Eg data.xlsx has 15k rows, new files should be like data_1.xlsx with 5k rows,data_2.xlsx should be 5-10k and data_3.xlsx should be 10-15k.例如 data.xlsx 有 15k 行,新文件应该像 data_1.xlsx 有 5k 行,data_2.xlsx 应该是 5-10k,data_3.xlsx 应该是 10-15k。

I've got you.我有你。

package com.industries.seanimus;  

import java.io.File;
import java.io.FileOutputStream;
import java.io.IOException;
import java.util.ArrayList;
import java.util.List;

import org.apache.poi.EncryptedDocumentException;
import org.apache.poi.openxml4j.exceptions.InvalidFormatException;
import org.apache.poi.openxml4j.opc.OPCPackage;
import org.apache.poi.ss.usermodel.Cell;
import org.apache.poi.ss.usermodel.DateUtil;
import org.apache.poi.ss.usermodel.Row;
import org.apache.poi.xssf.streaming.SXSSFCell;
import org.apache.poi.xssf.streaming.SXSSFRow;
import org.apache.poi.xssf.streaming.SXSSFSheet;
import org.apache.poi.xssf.streaming.SXSSFWorkbook;
import org.apache.poi.xssf.usermodel.XSSFSheet;
import org.apache.poi.xssf.usermodel.XSSFWorkbook;  

public class ReportSplitter {

    private final String fileName;
    private final int maxRows;

    public ReportSplitter(String fileName, final int maxRows) {

        ZipSecureFile.setMinInflateRatio(0);

        this.fileName = fileName;
        this.maxRows = maxRows;

        try {
            /* Read in the original Excel file. */
            OPCPackage pkg = OPCPackage.open(new File(fileName));
            XSSFWorkbook workbook = new XSSFWorkbook(pkg);
            XSSFSheet sheet = workbook.getSheetAt(0);

            /* Only split if there are more rows than the desired amount. */
            if (sheet.getPhysicalNumberOfRows() >= maxRows) {
                List<SXSSFWorkbook> wbs = splitWorkbook(workbook);
                writeWorkBooks(wbs);
            }
            pkg.close();
        }
        catch (EncryptedDocumentException | IOException | InvalidFormatException e) {
            e.printStackTrace();
        }
    }

    private List<SXSSFWorkbook> splitWorkbook(XSSFWorkbook workbook) {

        List<SXSSFWorkbook> workbooks = new ArrayList<SXSSFWorkbook>();

        SXSSFWorkbook wb = new SXSSFWorkbook();
        SXSSFSheet sh = wb.createSheet();

        SXSSFRow newRow;
        SXSSFCell newCell;

        int rowCount = 0;
        int colCount = 0;

        XSSFSheet sheet = workbook.getSheetAt(0);

        for (Row row : sheet) {
            newRow = sh.createRow(rowCount++);

            /* Time to create a new workbook? */
            if (rowCount == maxRows) {
                workbooks.add(wb);
                wb = new SXSSFWorkbook();
                sh = wb.createSheet();
                rowCount = 0;
            }

            for (Cell cell : row) {
                newCell = newRow.createCell(colCount++);
                newCell = setValue(newCell, cell);

                CellStyle newStyle = wb.createCellStyle();
                newStyle.cloneStyleFrom(cell.getCellStyle());
                newCell.setCellStyle(newStyle);
            }
            colCount = 0;
        }

        /* Only add the last workbook if it has content */
        if (wb.getSheetAt(0).getPhysicalNumberOfRows() > 0) {
            workbooks.add(wb);
        }
        return workbooks;
    }

    /*
     * Grabbing cell contents can be tricky.
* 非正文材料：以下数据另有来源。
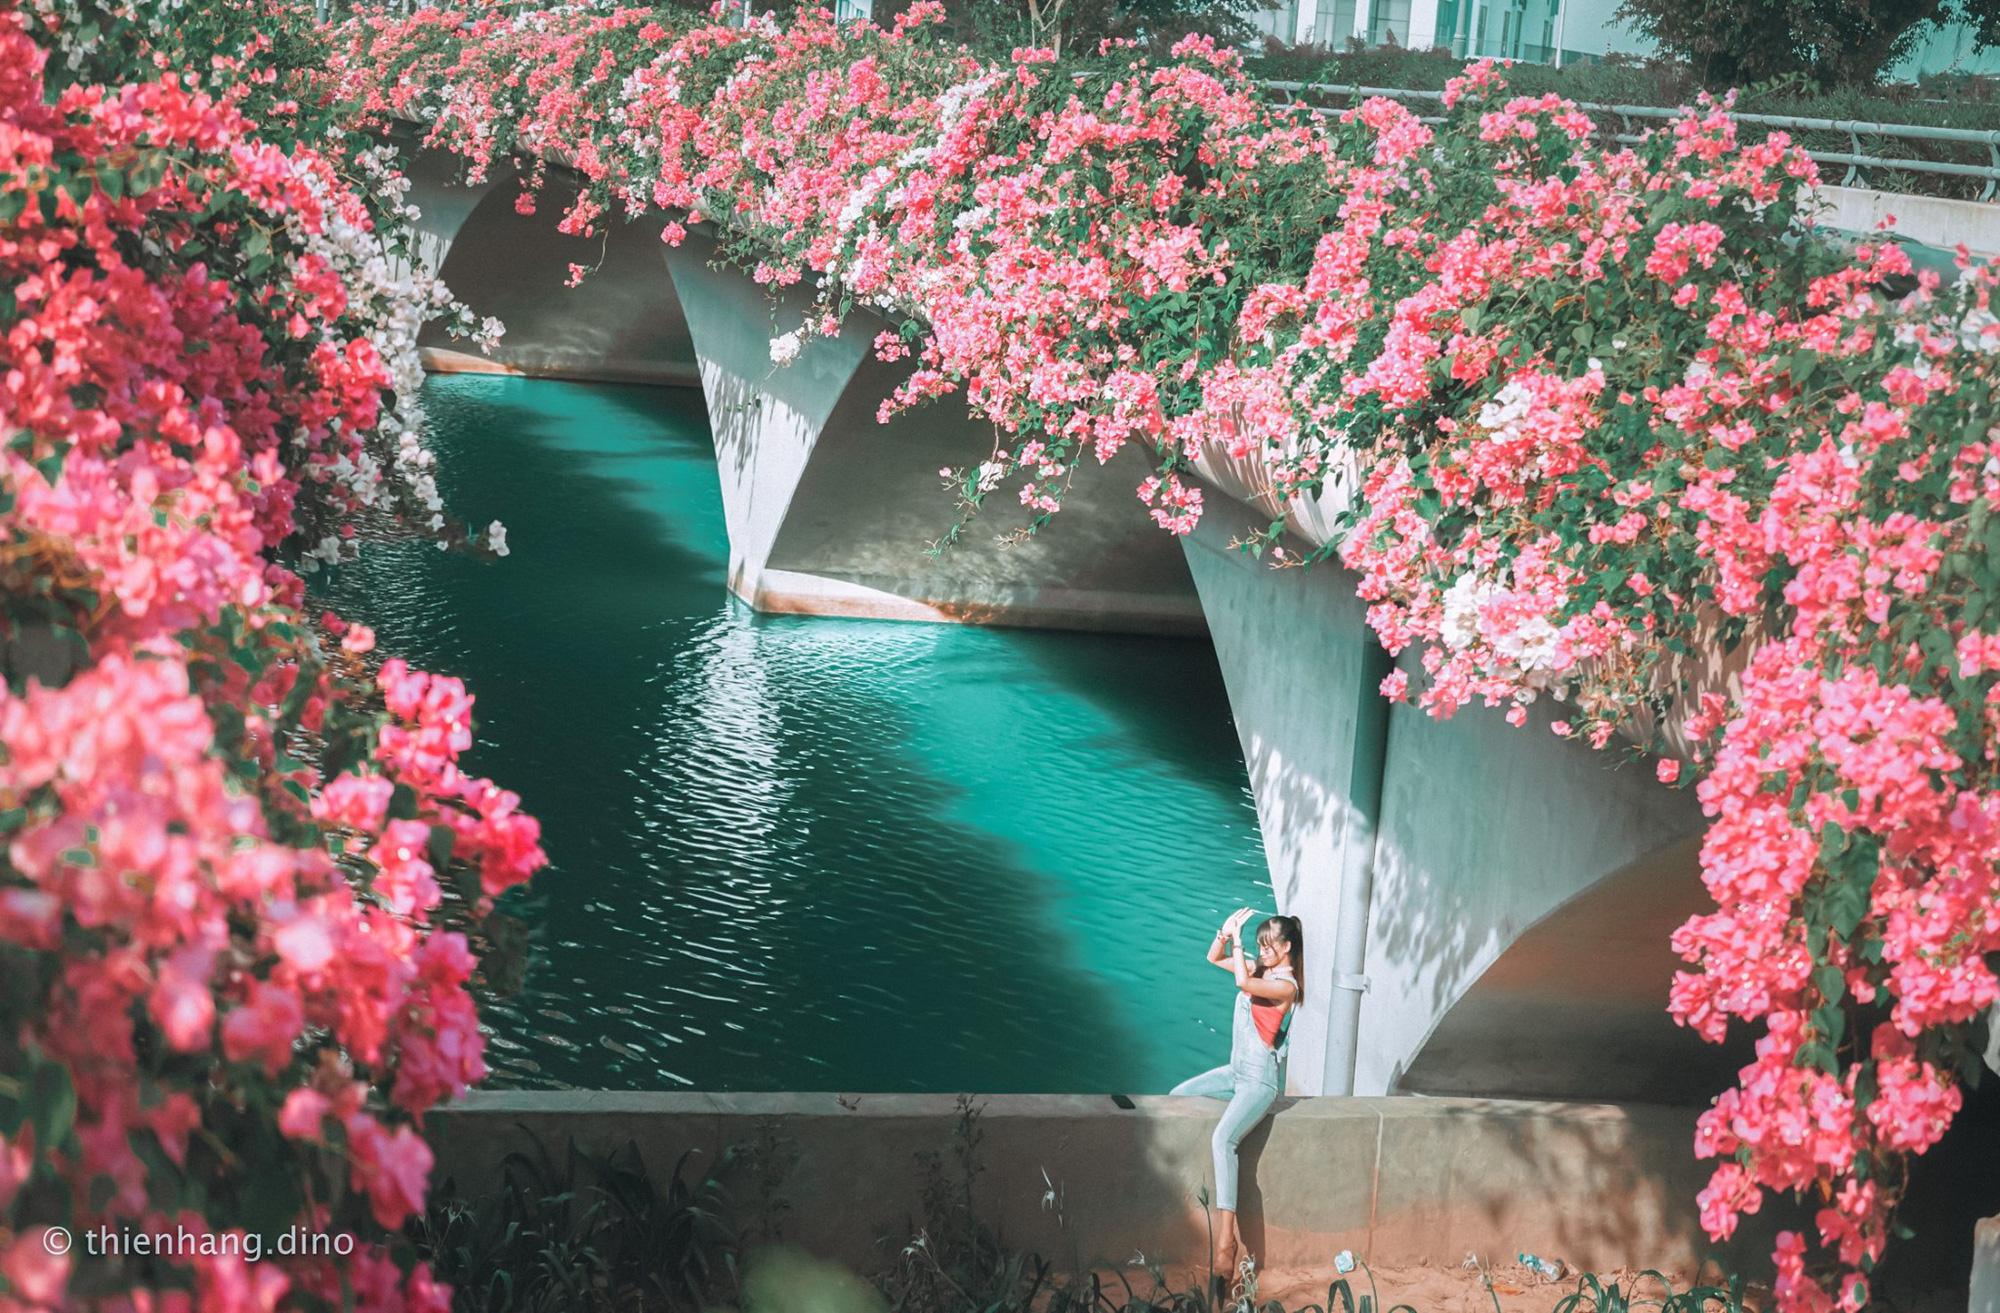 cầu hoa giấy

We first need to determine what
     * type of cell it is.
     */
    private SXSSFCell setValue(SXSSFCell newCell, Cell cell) {
        switch (cell.getCellType()) {
        case Cell.CELL_TYPE_STRING: 
            newCell.setCellValue(cell.getRichStringCellValue().getString());
            break;
        case Cell.CELL_TYPE_NUMERIC:
            if (DateUtil.isCellDateFormatted(cell)) {
                newCell.setCellValue(cell.getDateCellValue());
            } else {
                newCell.setCellValue(cell.getNumericCellValue());
            }
            break;
        case Cell.CELL_TYPE_BOOLEAN:
            newCell.setCellValue(cell.getBooleanCellValue());
            break;
        case Cell.CELL_TYPE_FORMULA:
            newCell.setCellFormula(cell.getCellFormula());
            break;
        default:
            System.out.println("Could not determine cell type");
        }
        return newCell;
    }

    /* Write all the workbooks to disk. */
    private void writeWorkBooks(List<SXSSFWorkbook> wbs) {
        FileOutputStream out;
        try {
            for (int i = 0; i < wbs.size(); i++) {
                String newFileName = fileName.substring(0, fileName.length() - 5);
                out = new FileOutputStream(new File(newFileName + "_" + (i + 1) + ".xlsx"));
                wbs.get(i).write(out);
                out.close();
            }
        } catch (IOException e) {
            e.printStackTrace();
        }
    }

    public static void main(String[] args){
        /* This will create a new workbook every 1000 rows. */
        new ReportSplitter("Data.xlsx", 1000);
    }

}

A few notes:一些注意事项:

  • For writing the workbooks, I use SXSSFWorkbook .为了编写工作簿,我使用SXSSFWorkbook It's a lot faster than HSSF or XSSF, as it doesn't hold everything in memory before writing (which causes a horrible gc mess).它比 HSSF 或 XSSF 快得多,因为它在写入之前不会将所有内容保存在内存中(这会导致可怕的 gc 混乱)。

  • The Busy Developer's Guide is your friend for learning Apache POI ;) Busy Developer's Guide是您学习 Apache POI 的朋友;)

ENJOY!享受!


EDIT: I've updated the code to copy cell styles as well. 编辑:我已经更新了代码以复制单元格样式。 Two things to note about this: 关于这点需要注意两点:

  • Copying styles will SLOW things down considerably.复制样式会大大减慢速度。
  • POI creates a template file that may become too big to be uncompressed, throwing a Zip bomb detected error. POI 创建的模板文件可能会变得太大而无法解压缩,从而引发Zip 炸弹检测错误。 You can fix this by changing the minimum inflation ratio via ZipSecureFile.setMinInflateRatio(0) .您可以通过ZipSecureFile.setMinInflateRatio(0)更改最小通货膨胀率来解决此问题。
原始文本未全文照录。